**THE PROBLEM**
What should come back is the data below, word for word, minus any picture.

**PROVIDED MATERIAL**
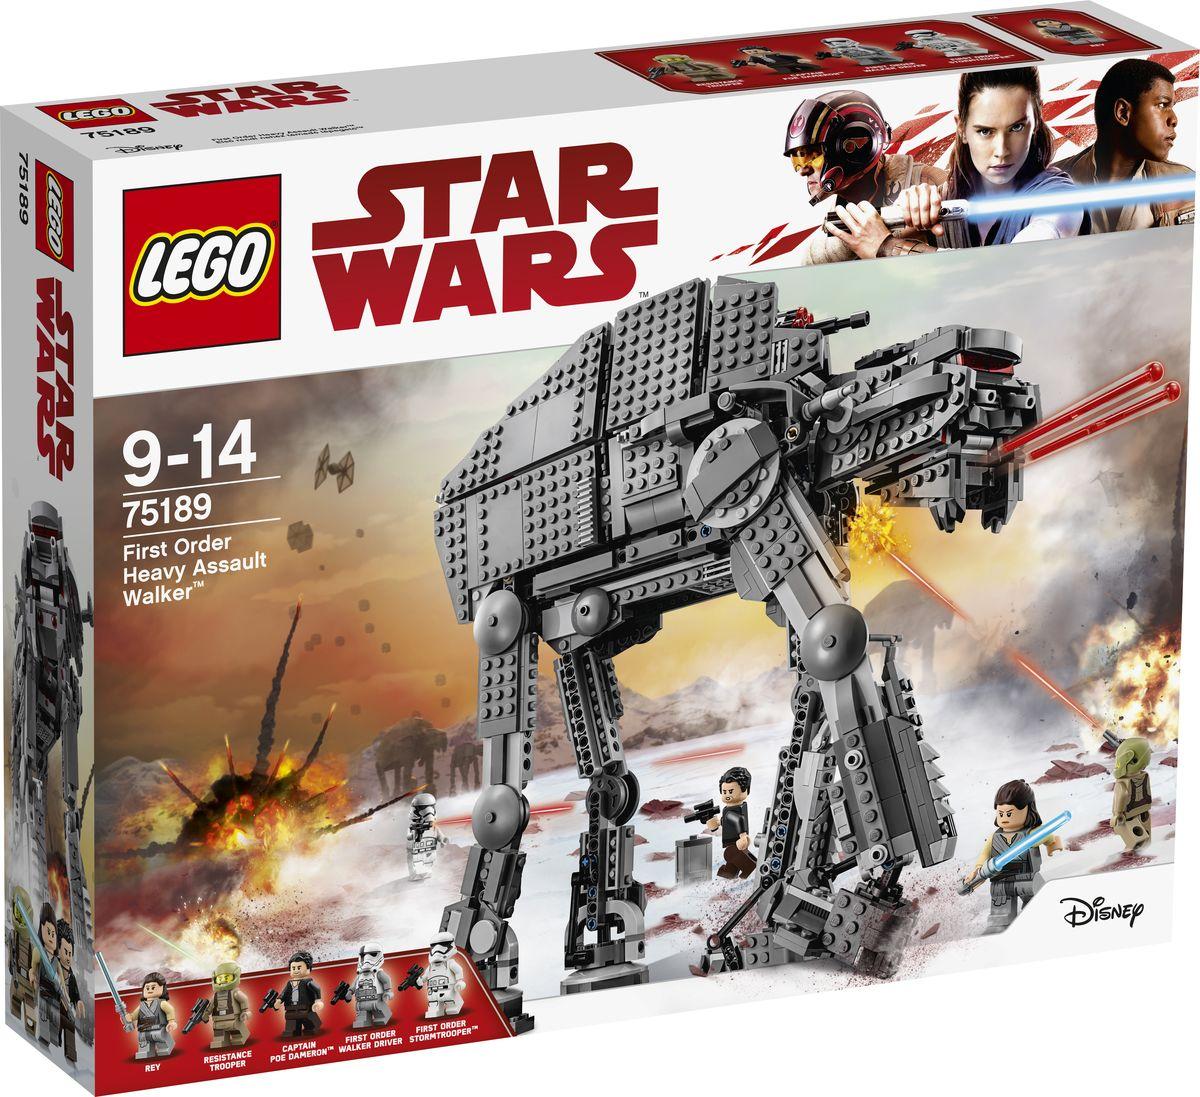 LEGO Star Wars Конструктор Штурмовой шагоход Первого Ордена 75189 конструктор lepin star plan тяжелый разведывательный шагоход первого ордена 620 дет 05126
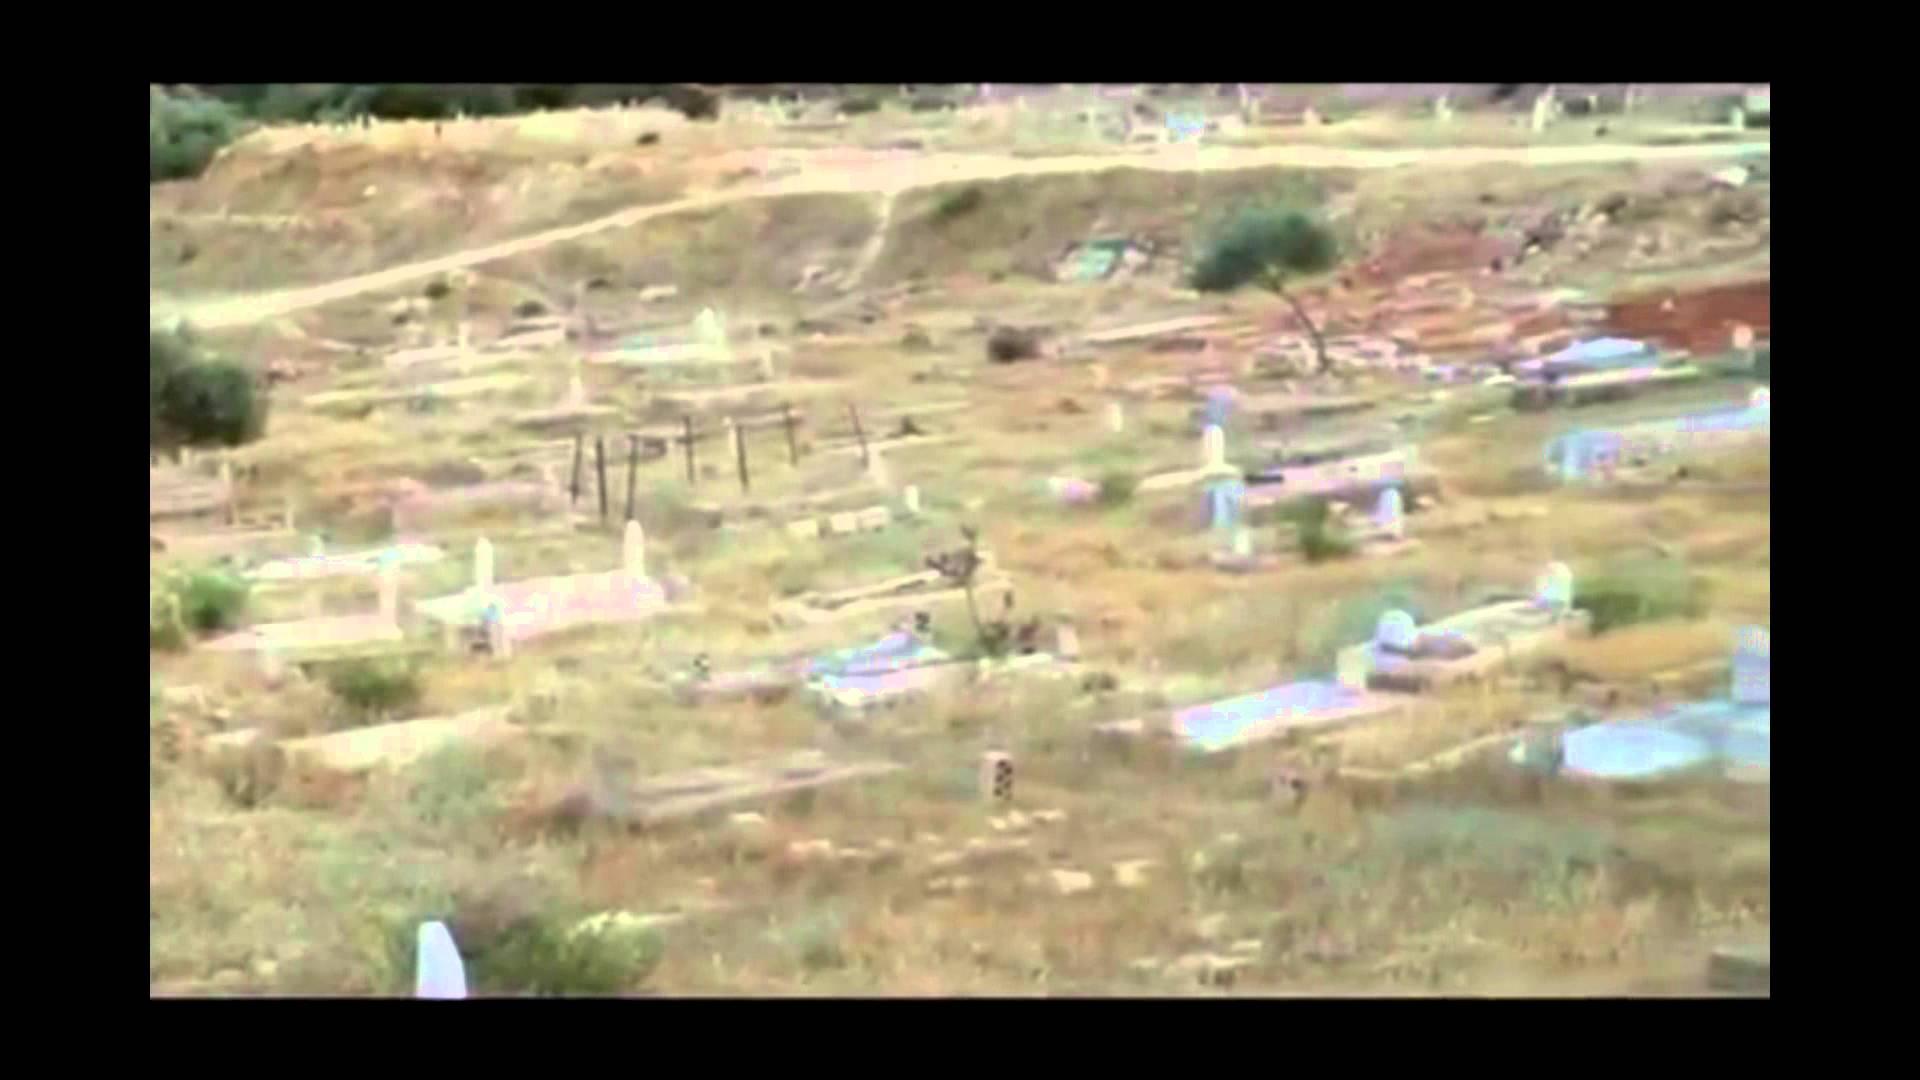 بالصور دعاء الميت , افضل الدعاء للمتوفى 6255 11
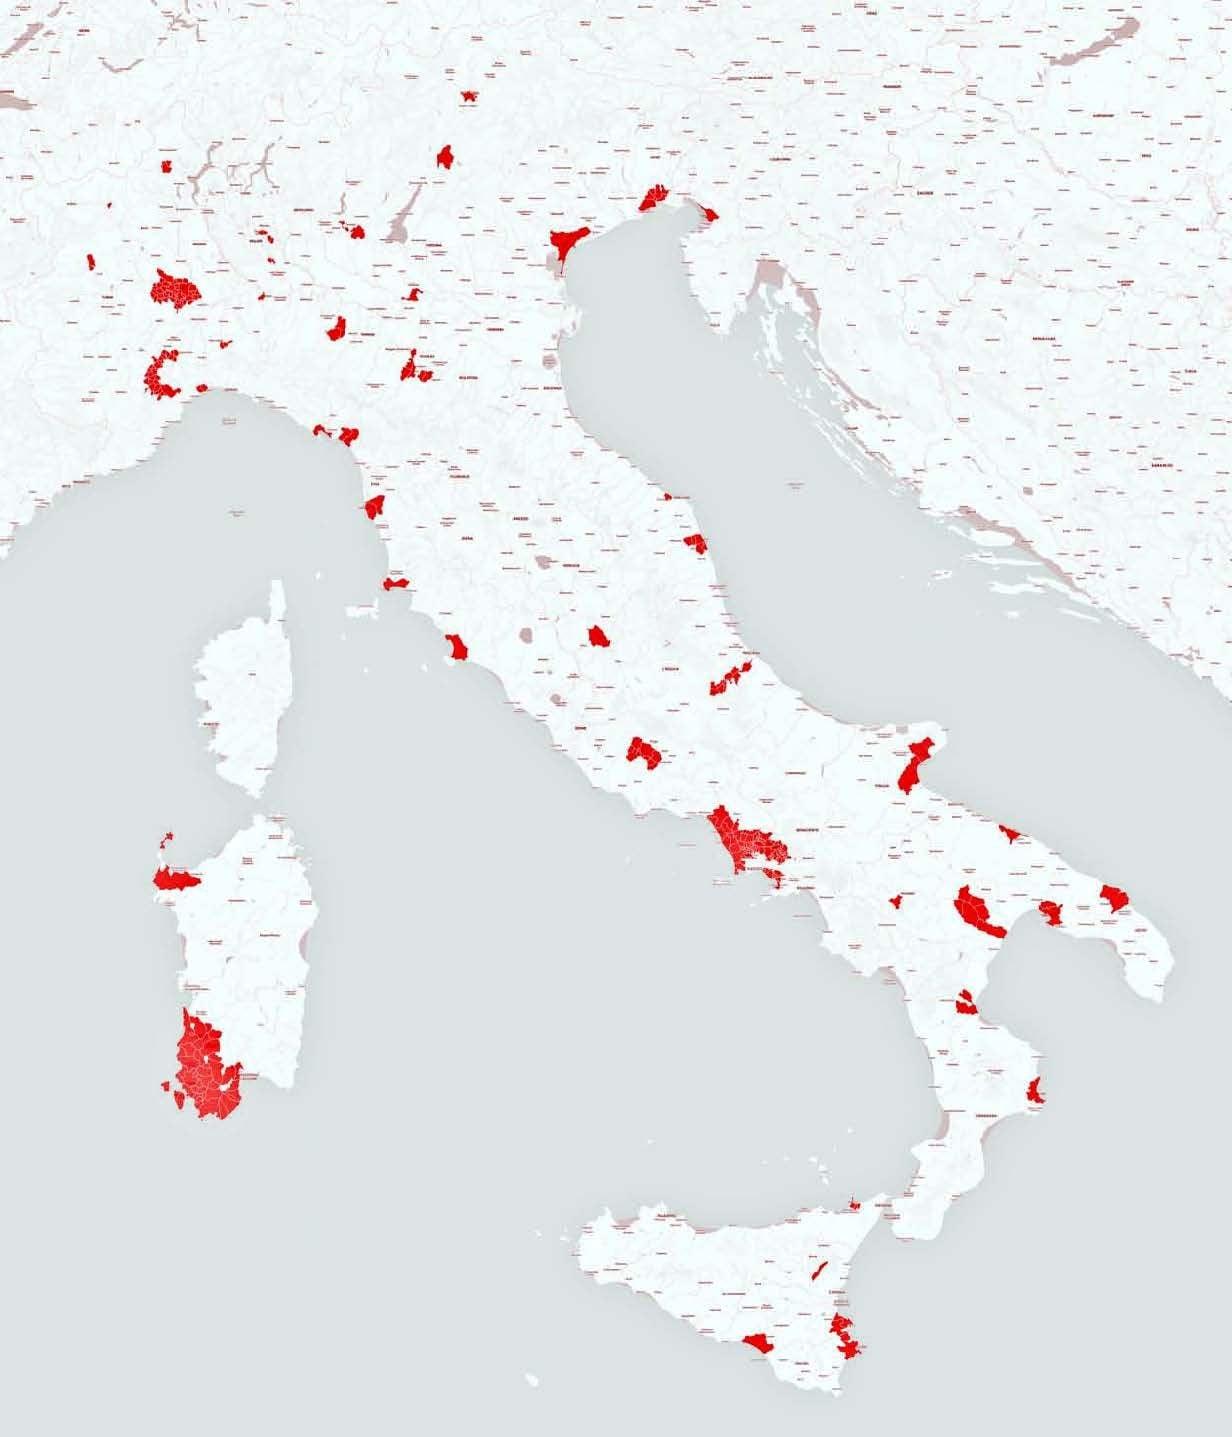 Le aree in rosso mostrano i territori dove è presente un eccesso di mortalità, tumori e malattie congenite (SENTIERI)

**EXERCISE RESPONSE**
 LEGO Star Wars Конструктор Штурмовой шагоход Первого Ордена 75189 конструктор lepin star plan тяжелый разведывательный шагоход первого ордена 620 дет 05126
 بالصور دعاء الميت , افضل الدعاء للمتوفى 6255 11
 Le aree in rosso mostrano i territori dove è presente un eccesso di mortalità, tumori e malattie congenite (SENTIERI)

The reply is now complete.